*Requirement*
Please copy the data exactly as it stands, minus the images.

══ Provided material

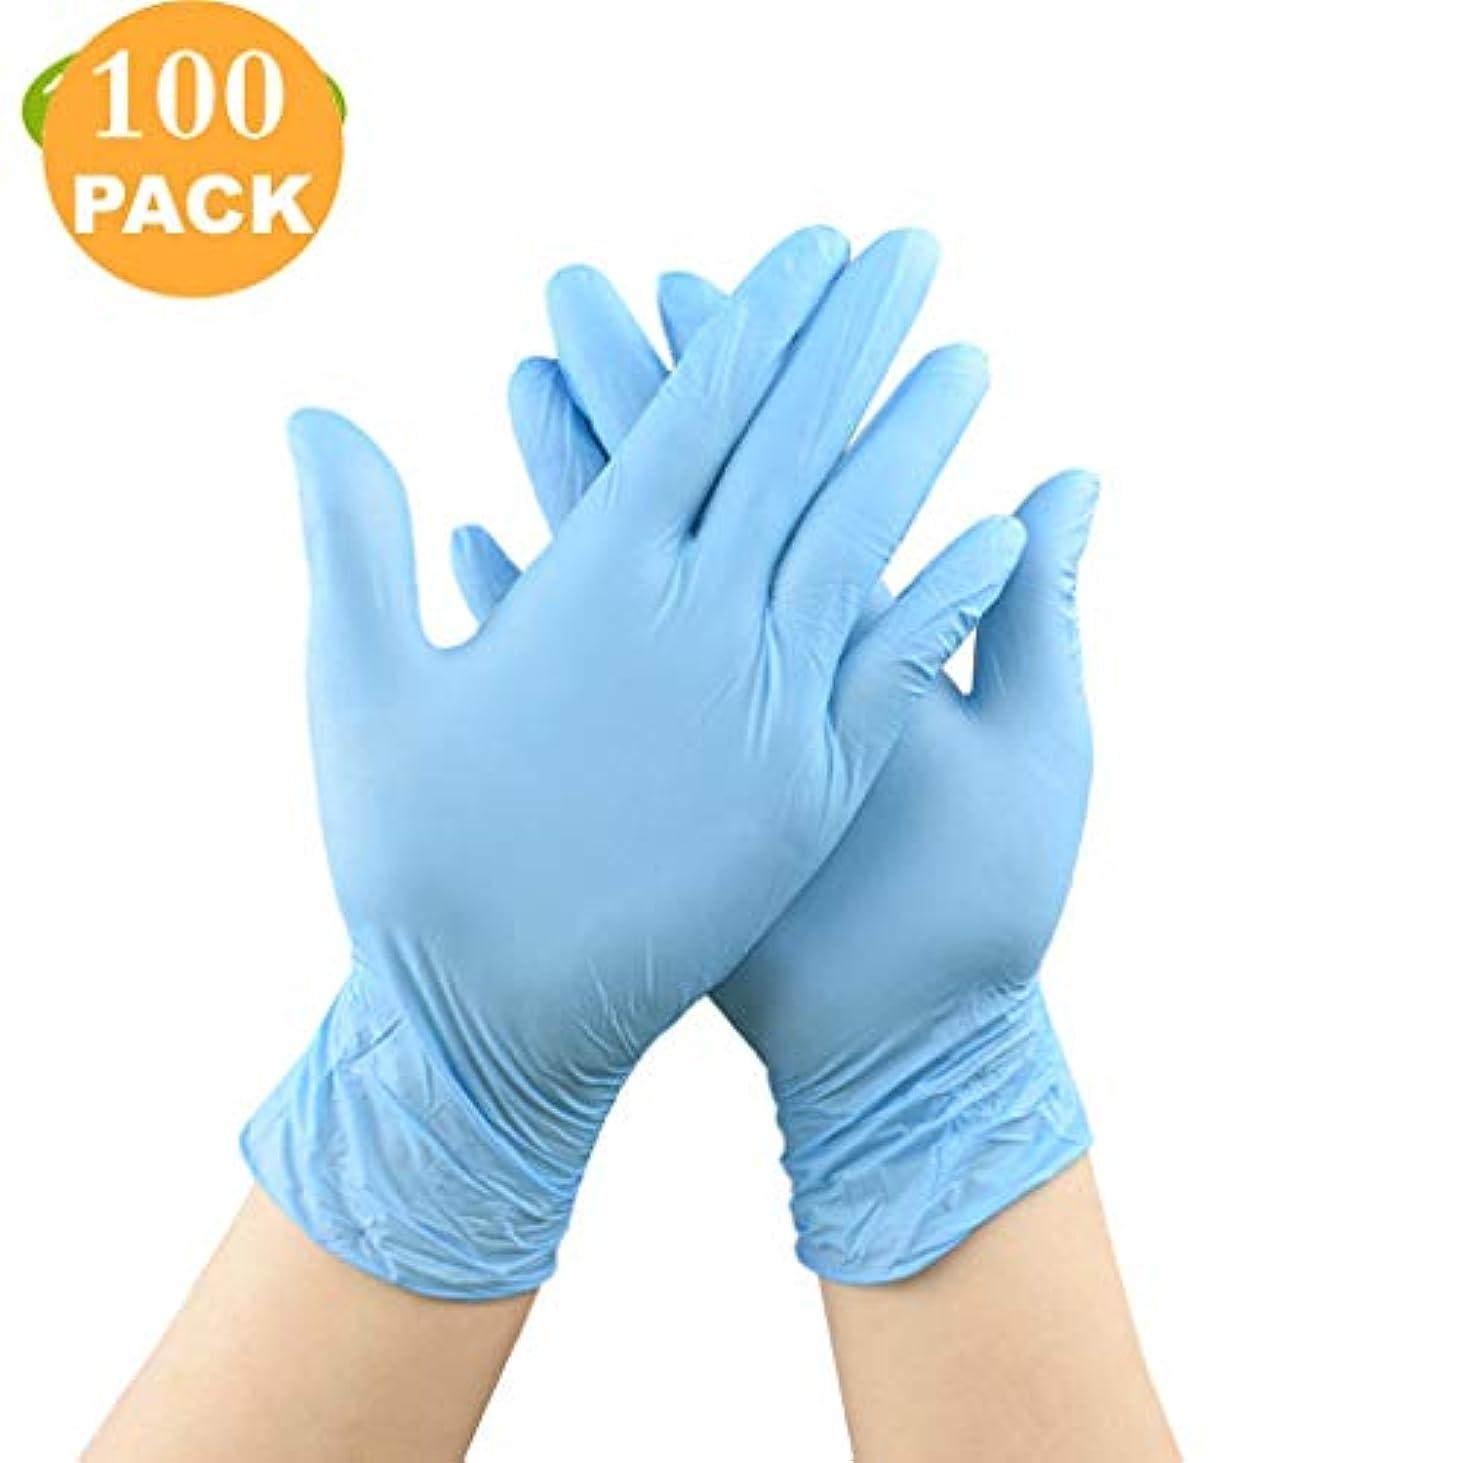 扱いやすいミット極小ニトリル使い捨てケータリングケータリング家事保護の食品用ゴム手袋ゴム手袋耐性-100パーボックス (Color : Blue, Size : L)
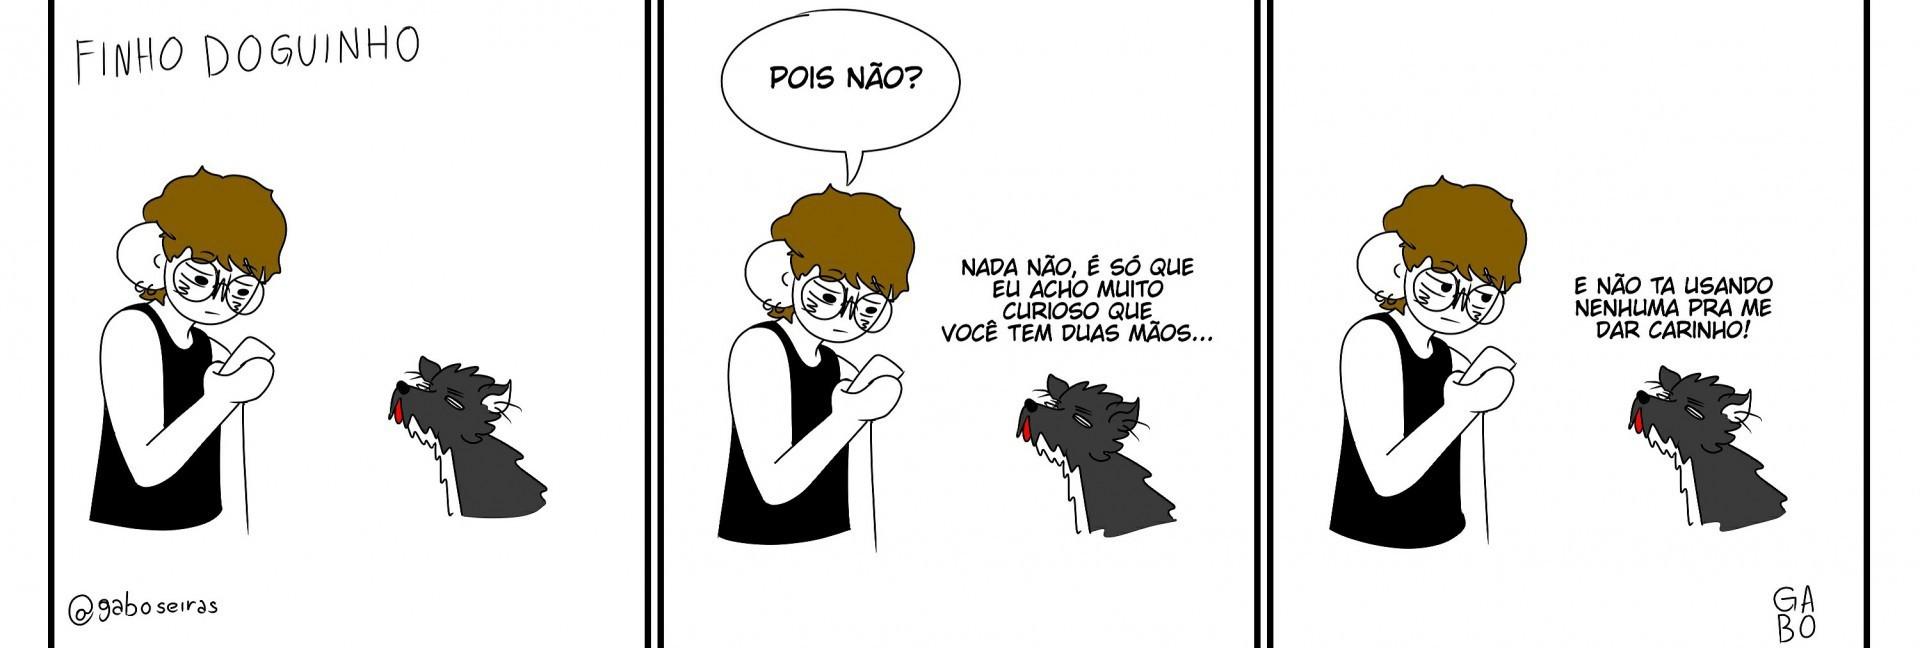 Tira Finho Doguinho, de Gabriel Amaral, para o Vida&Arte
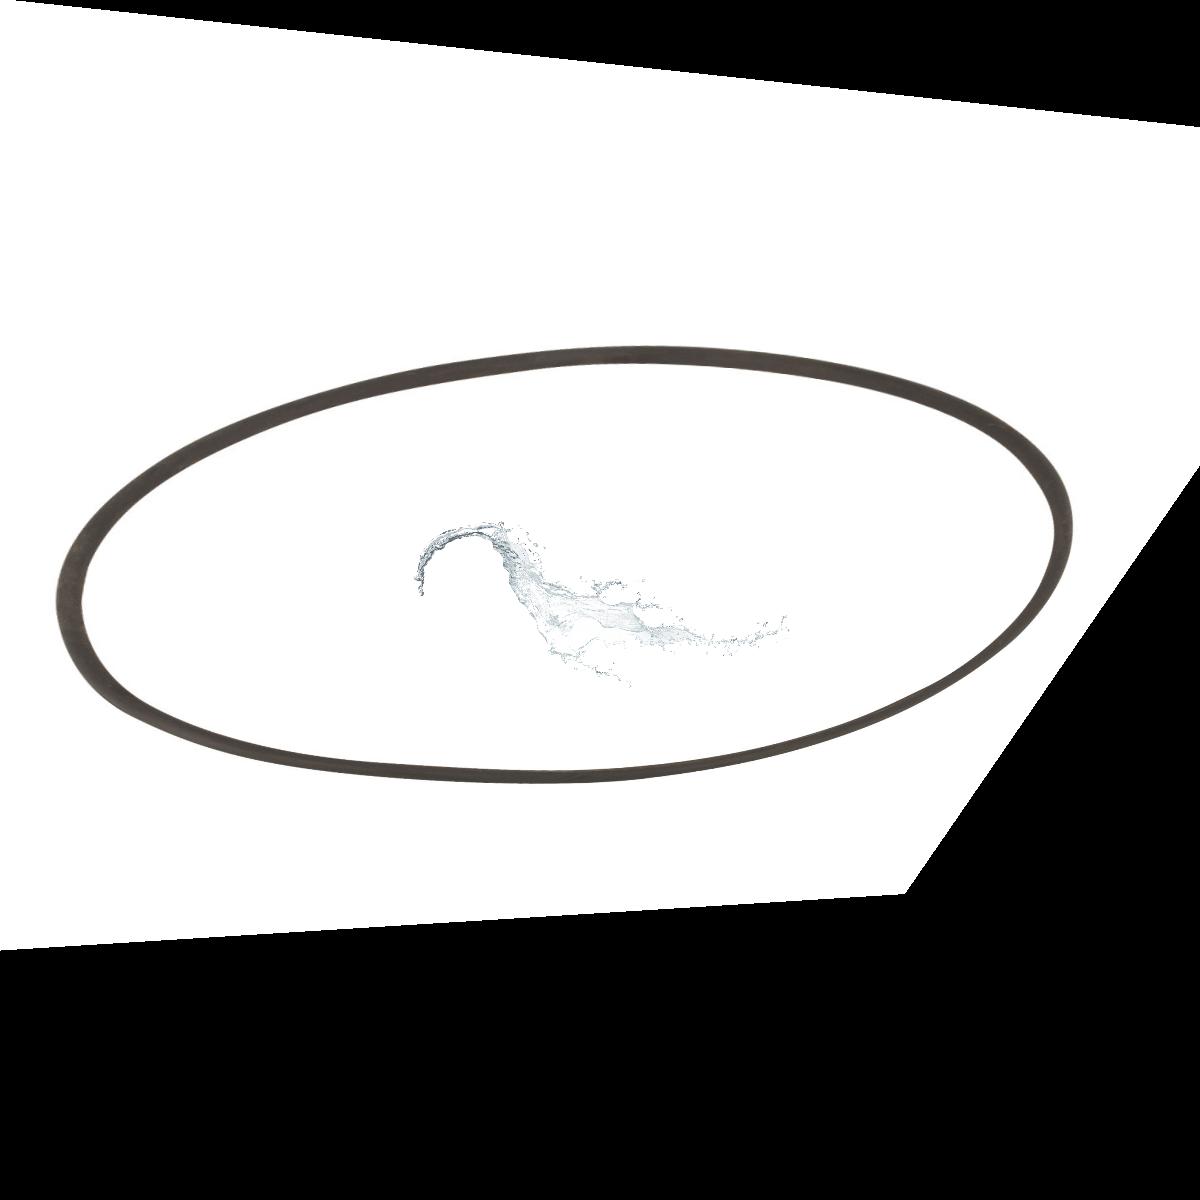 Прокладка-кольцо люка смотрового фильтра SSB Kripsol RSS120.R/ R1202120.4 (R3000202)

════

*Written response*
 扱いやすいミット極小ニトリル使い捨てケータリングケータリング家事保護の食品用ゴム手袋ゴム手袋耐性-100パーボックス (Color : Blue, Size : L)
 Tira Finho Doguinho, de Gabriel Amaral, para o Vida&Arte
 Прокладка-кольцо люка смотрового фильтра SSB Kripsol RSS120.R/ R1202120.4 (R3000202)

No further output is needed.